Why does this matter?
Misuse of CLT
A common assumption is that with a large enough sample, we can assume a normal distribution. Specifically, textbooks will often claim that about 30 observations are enough to assume normality. Perhaps this is because of how frequent t-tests are in science, and after about 30 samples the studentized t distribution converges to a normal distribution (explained in Kwak and Kim, 2017). Regardless, this is problematic for two reasons. First, as we saw in this exercise, not all distributions converge at the same rate. Second, the CLT is important for instances where we are interested in the average, not just individual samples. Taking averages is a common technique for studying things in nature, but it's not always the best way, especially in human movement contexts. For example, consider Dagmar Sternad's 2018 paper titled It's not (only) the mean that matters: variability, noise, and exploration in skill learning or that we, as exercise professionals and sports scientists, are often working with individuals, not populations.
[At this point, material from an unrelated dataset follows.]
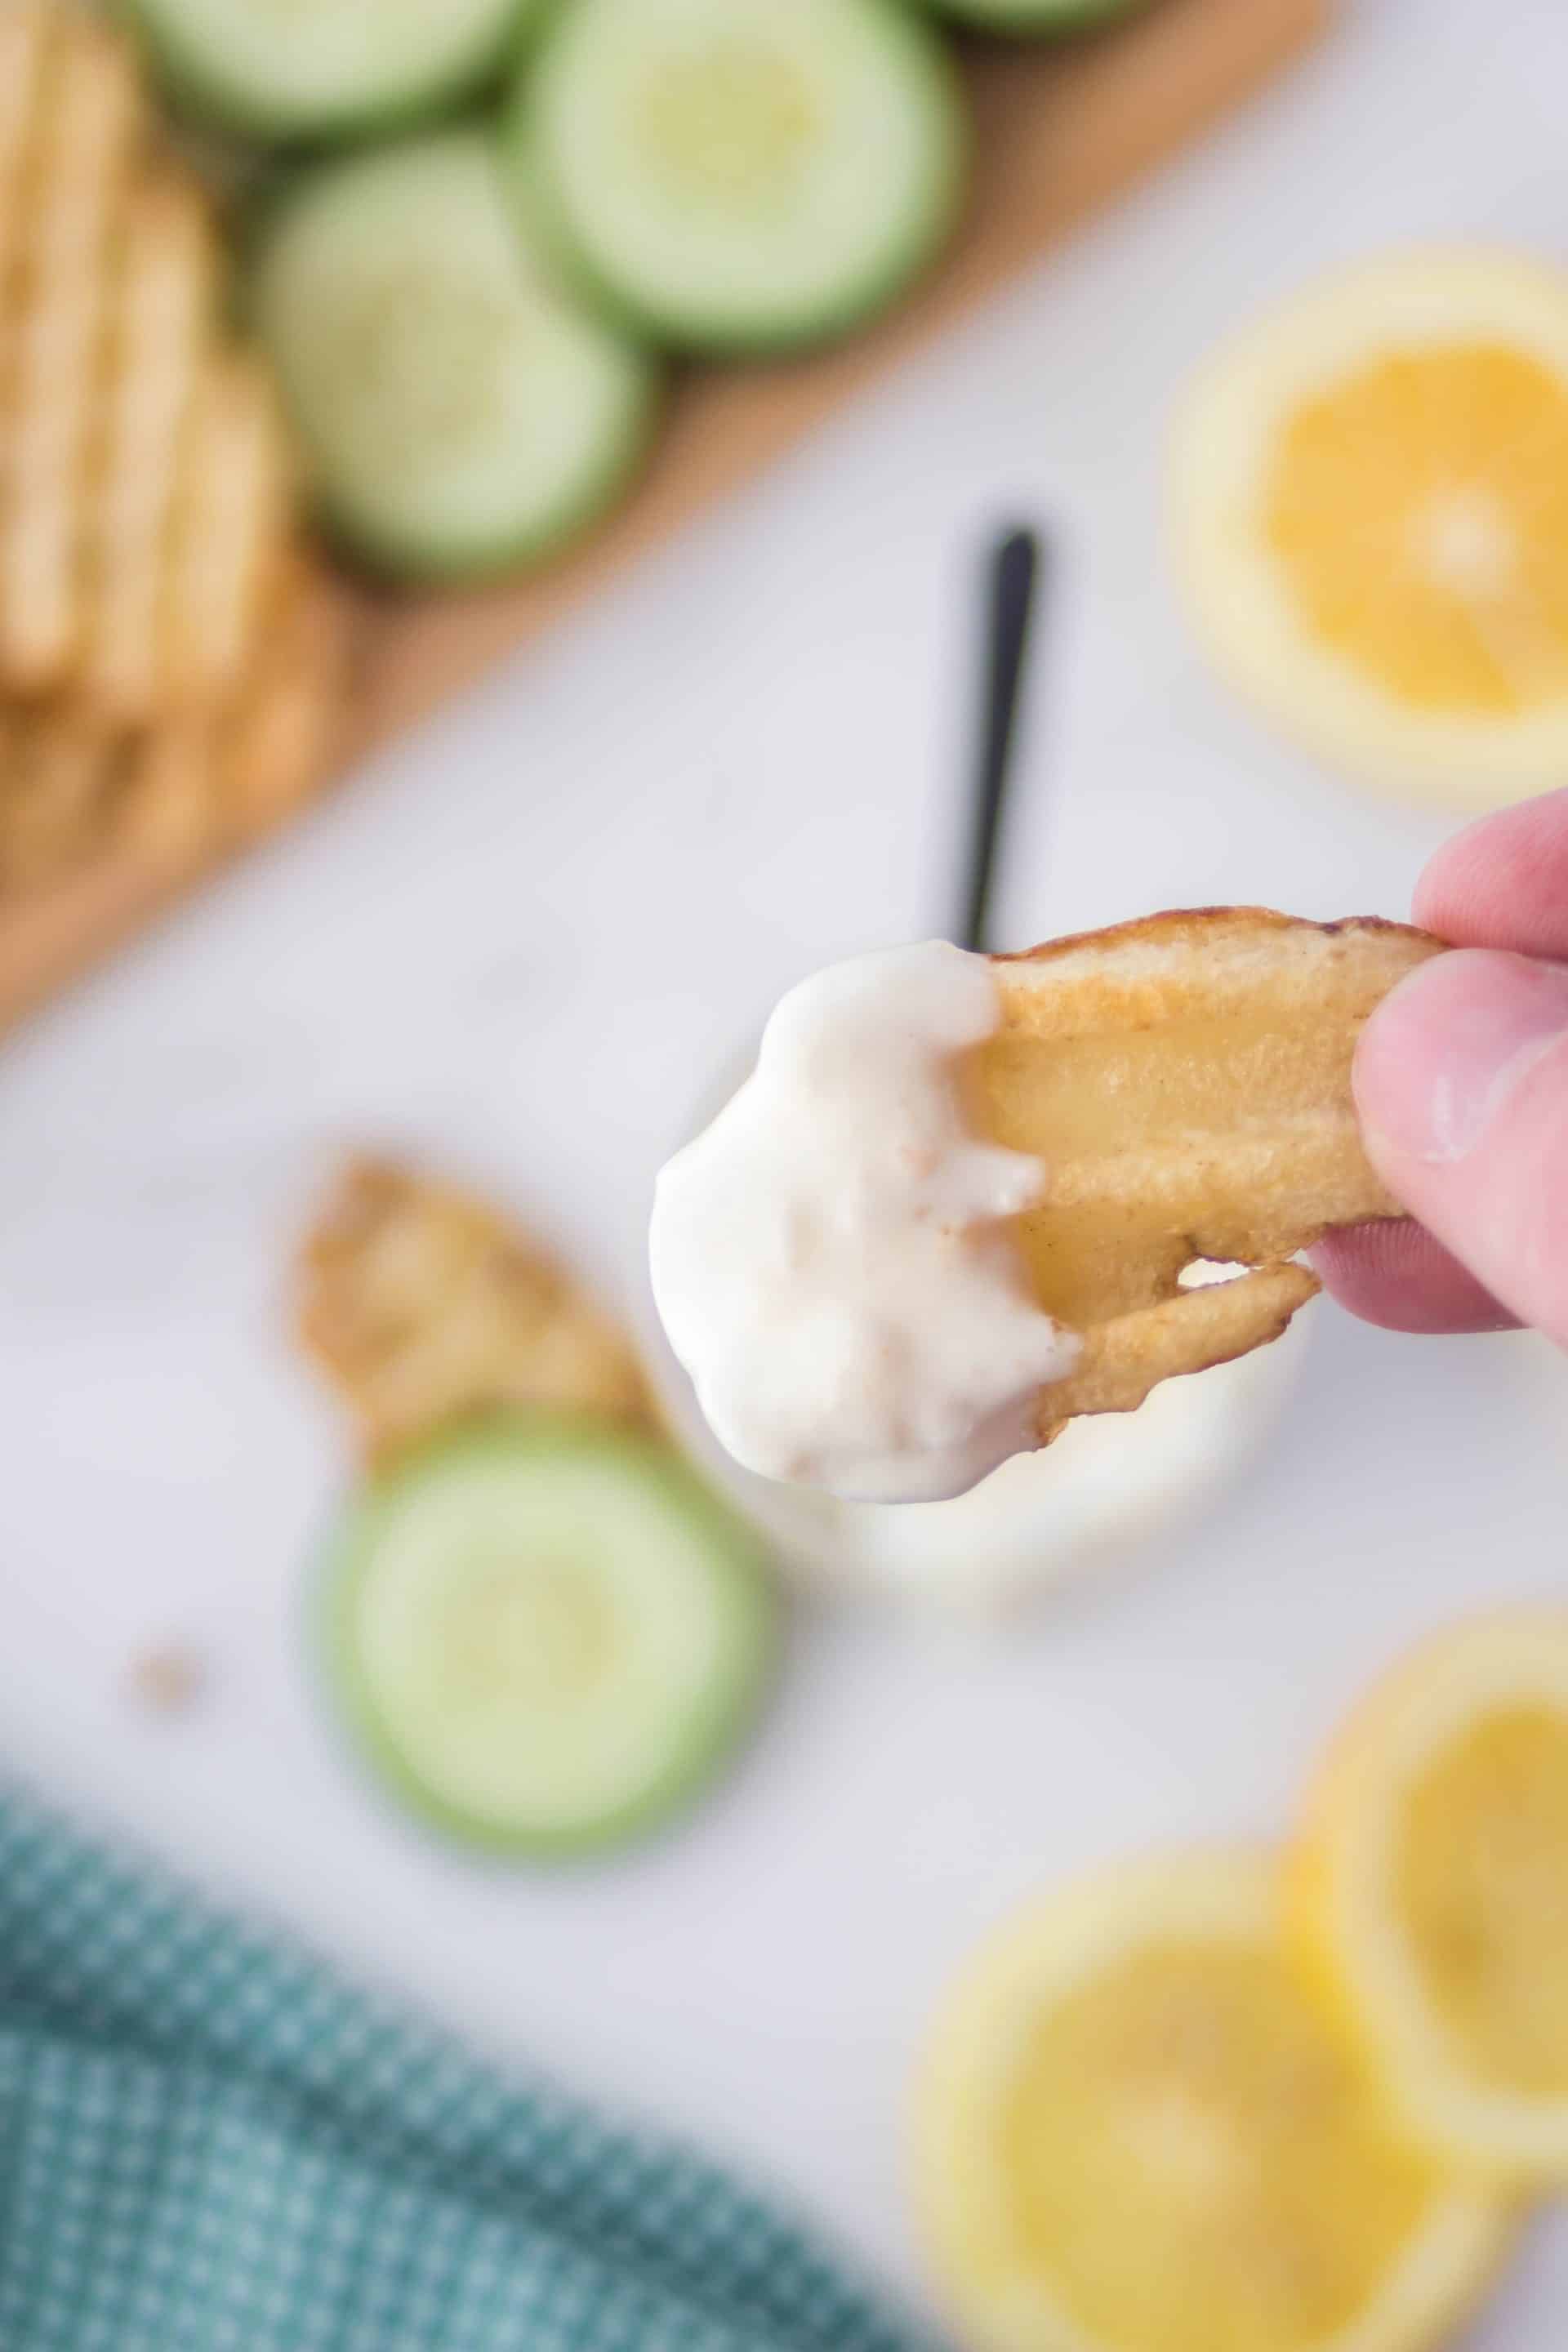 A hand holding a potato chip dipped in lemon aioli over a jar of more sauce

This is not to say that computing means and standard deviations are not important to (movement) scientists or other professionals. Instead, we need to be careful that they contribute to helping answer our specific questions and that we're not misusing the CLT in the process.
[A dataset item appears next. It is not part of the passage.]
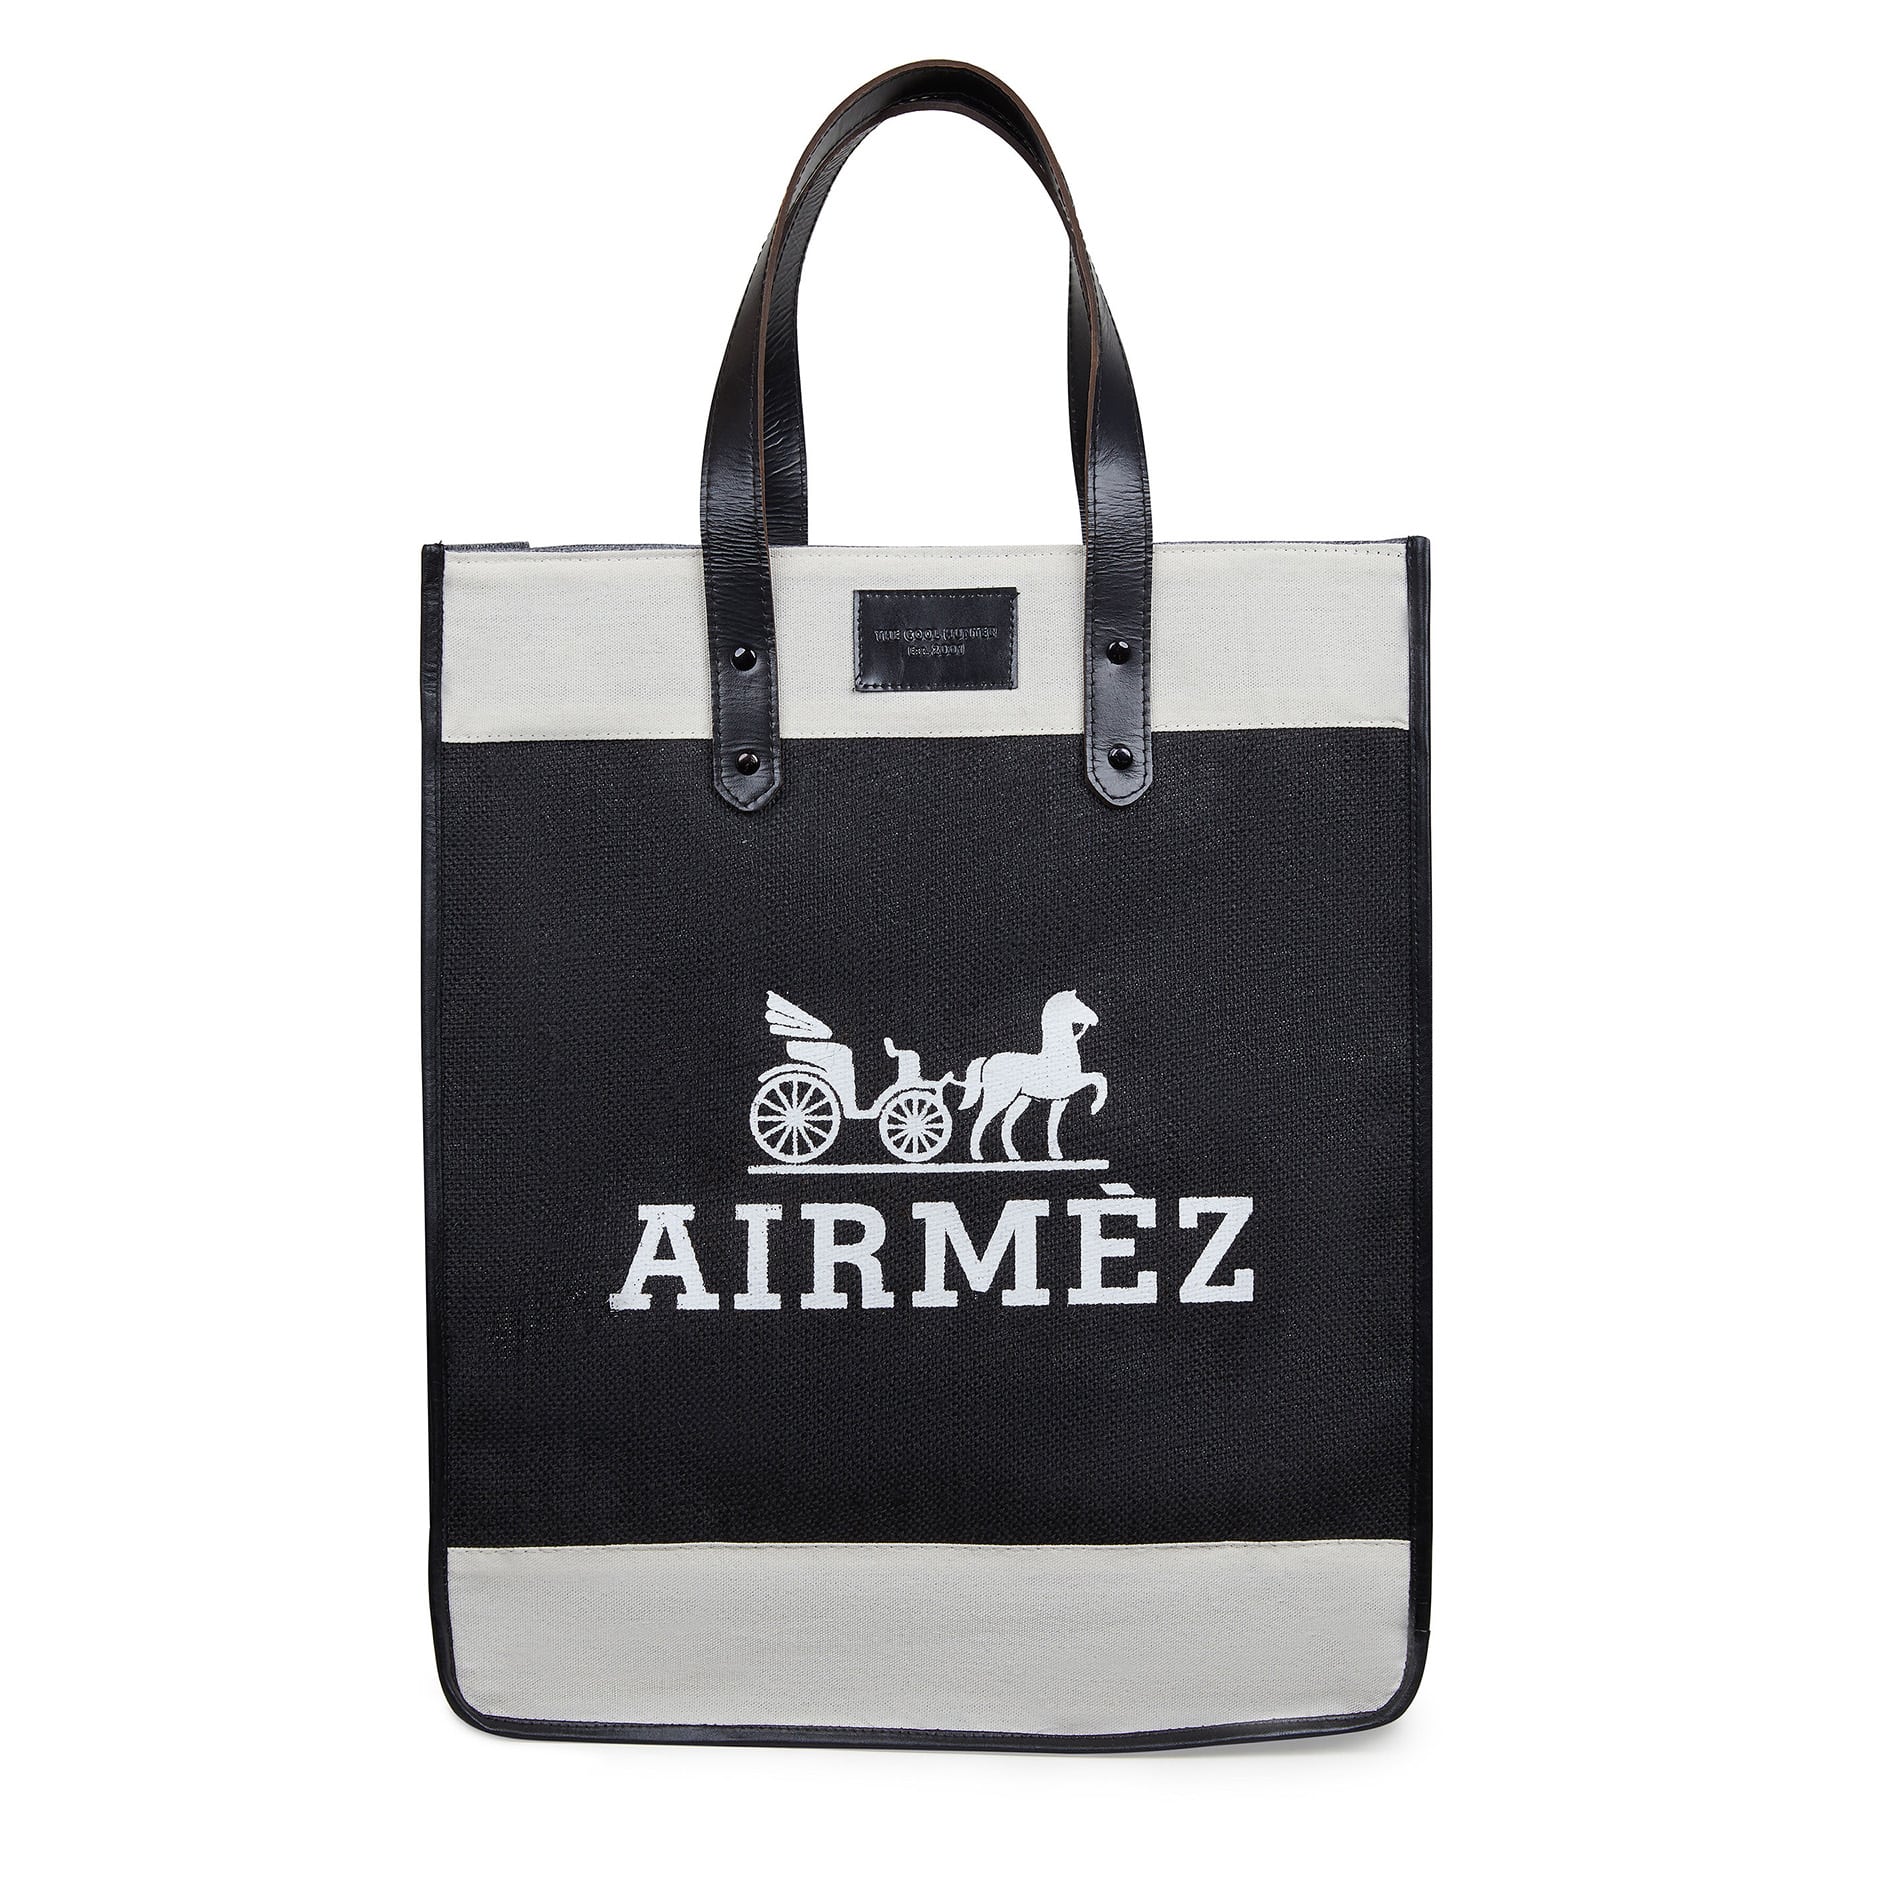 A black and white Airmez tote bag with black handles. The bag features a white graphic of a horse-drawn carriage with a rider and the word "Airmez" printed below the graphic.

Answering important questions in science
The Pareto distribution, as outlined in the previous section, is not the only fat-tailed distribution. For example, power laws are also fat-tailed. Bruce West (2010) has discussed that the variations in healthy physiological (and biomechanical) fluctuations, such as inter-beat intervals of the heart, switching times in vision, inter-stride intervals during gait, brain wave data from EEGs, and inter-breath intervals give rise to time series with (inverse) power-law distributions.
To put this, and all the numbers we've talked about so far, in perspective, it's highly likely that we wouldn't be able to collect enough samples for our random variables to converge to a normal distribution. For example, let's assume that we want to compute heart rate variability (HRV) using the standard deviation of a Gaussian distribution. The average human's heart beats about \(3\times 10^{10}\) times in their life, and we know from previous research there are long-range correlations in these data due to the complexity of physiological processes. Therefore, let's assume the power-law distribution of HRV has similar properties to the Pareto distribution (this isn't a perfect assumption, but it'll work for this example). Since we need about 10\(^{13}\) summations to converge to a normal distribution, we wouldn't be able to collect enough heart rate data in a lifetime to assume we have normally distributed data. Therefore, our use of a Gaussian standard deviation for this data may not be warranted from a statistical perspective (although, I must concede that this doesn't mean using a standard deviation for this data is entirely useless either, given the progress made from even these suboptimal statistical methods).
With that said, traditional statistical tools are going to be limited in our understanding of human health. Perhaps this is another reason why predicting injuries, especially with classic statistical tools, is incredibly difficult. Therefore, using other nonparametric statistics or nonlinear tools and techniques will attenuate some of these issues and allow for increased progress in science. Future articles will expand on these tools.